On the same day as Whitman’s proclamation was voted, the attorney general in Tennessee forced Vanderbilt University Medical Center to turn over names of transgender patients during an investigation into billing practices for trans health care. The move sent a panic through the community of trans youth in Tennessee and Kentucky, according to the advocacy group Rainbow Youth USA, which fielded more than 375 calls from youths in crisis within 10 hours.
“There’s a lack of those symbols that we love our children,” Connolly said. “We love our children the way God makes them.”
She is also a parishioner at Holy Ghost and invoked Pope Francis’ admonition to “invite and love” the LGBTQ+ community.
“In that regard, I would say that this rainbow says, ‘We love our children,’” she said.
Bezanson challenged Evans’ being included in the vote because he had to leave the room during the first meeting. But Town Counsel Michelle McNulty explained that no longer applied because the original proposal by an immediate Evans family member, as a member Whitman Pride, was not the party putting forth the proclamation for a vote. The proclamation was brought for a vote by the Select Board as a form of speech on its own behalf.
“At this point in time, what is before the board is very different,” she said. “At this point in time you are taking government speech.

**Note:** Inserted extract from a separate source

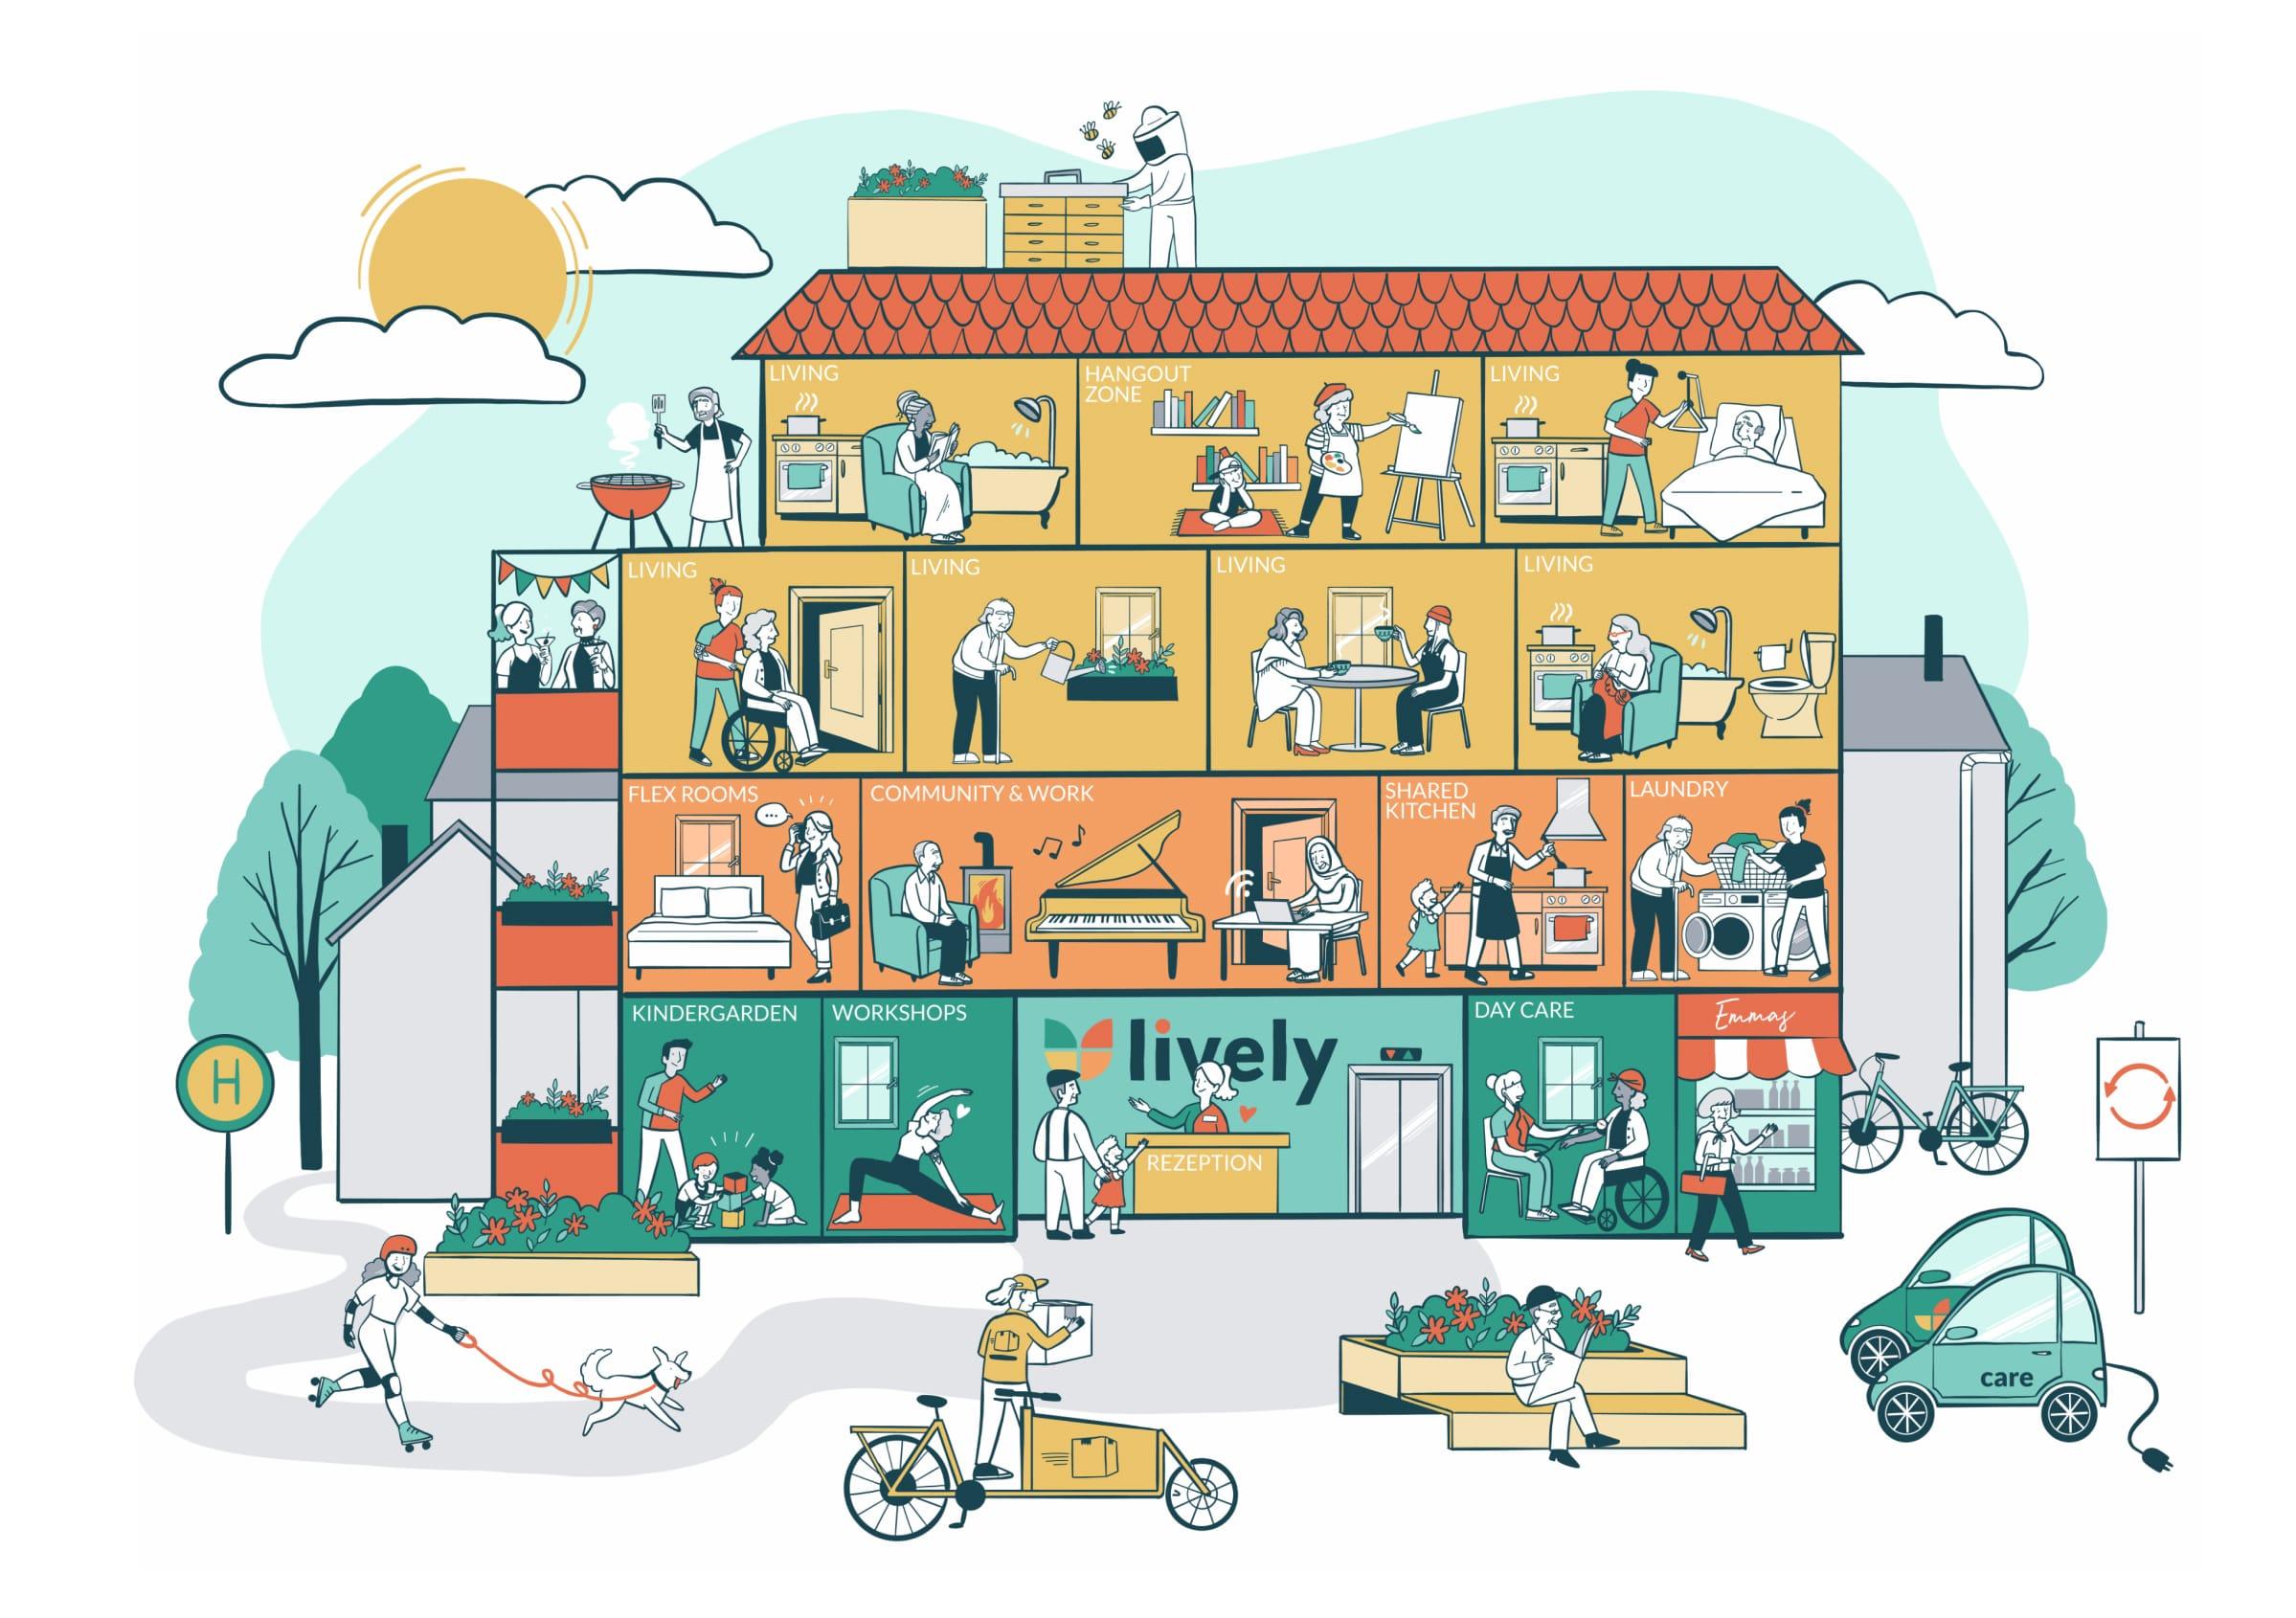 Wohnen im Alter: Das innovative Konzept von lively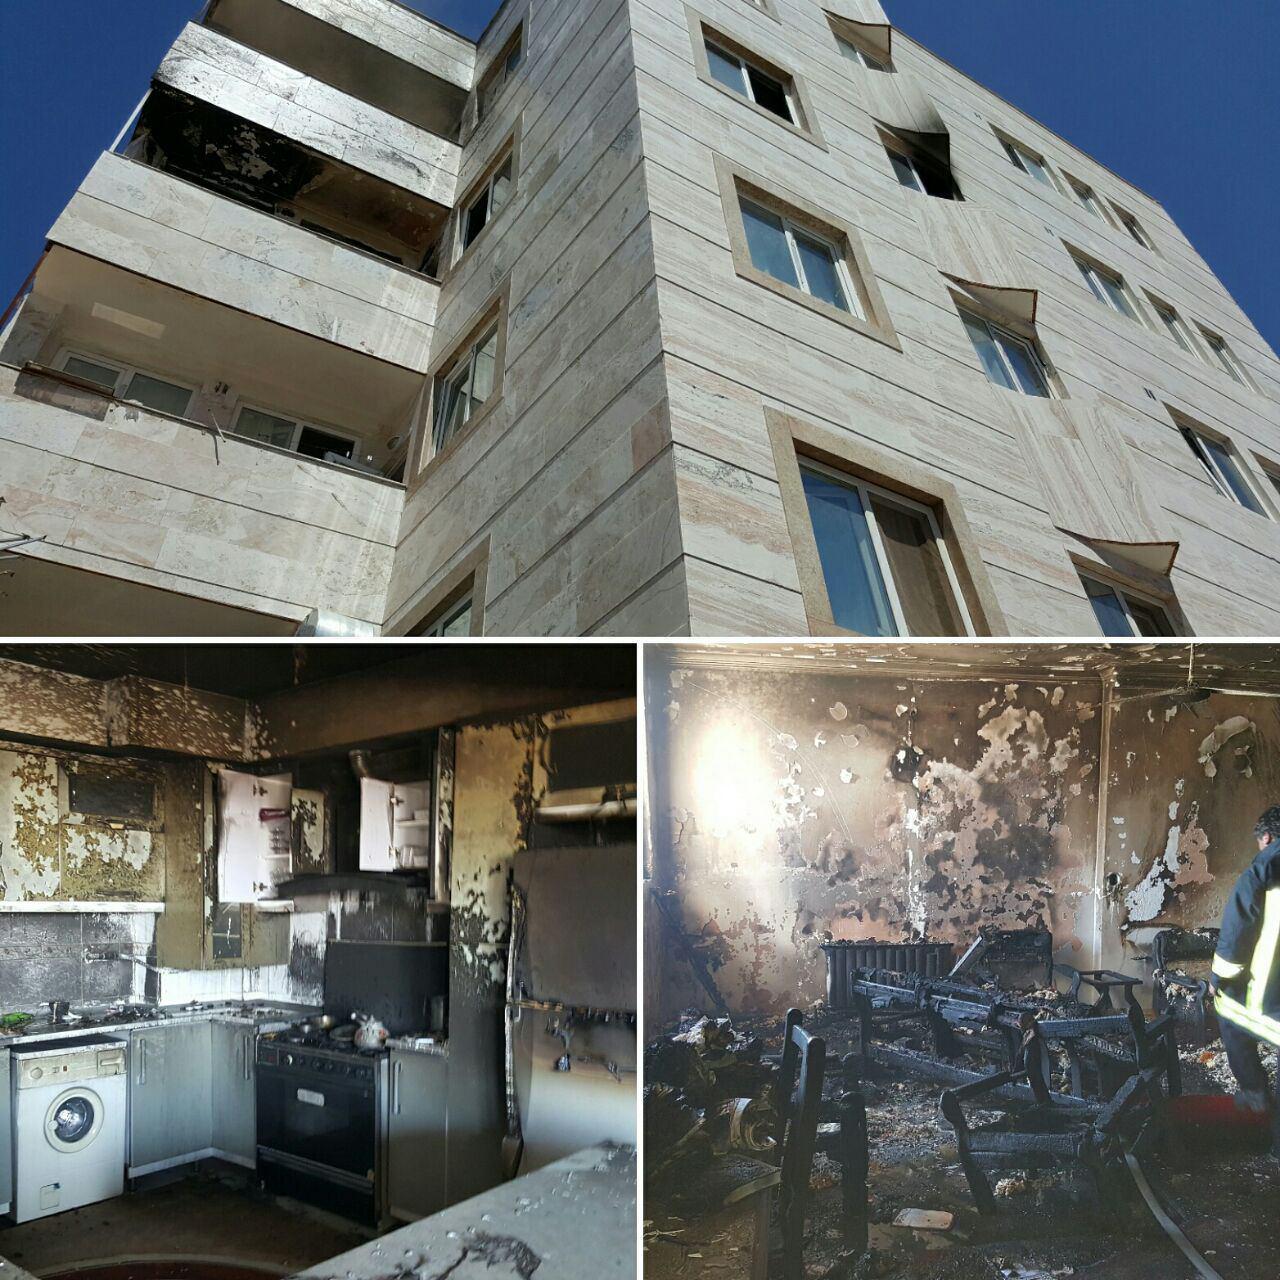 نجات 12 نفر از میان شعله های آتش + عکس

Government speech, you control.”
Evans said he had contacted the state Ethics Commission, whose concern was about the appearance of undo influence because his wife was one of the people making the request and he filed a disclosure of with the Town Clerk’s office saying he could continue with his duties. The fact that the Whitman Pride request is no longer before the board because it was voting on the proclamation.
“This is the smart way to do it,” DiOrio said. “If they want to create a policy down the road, they can.”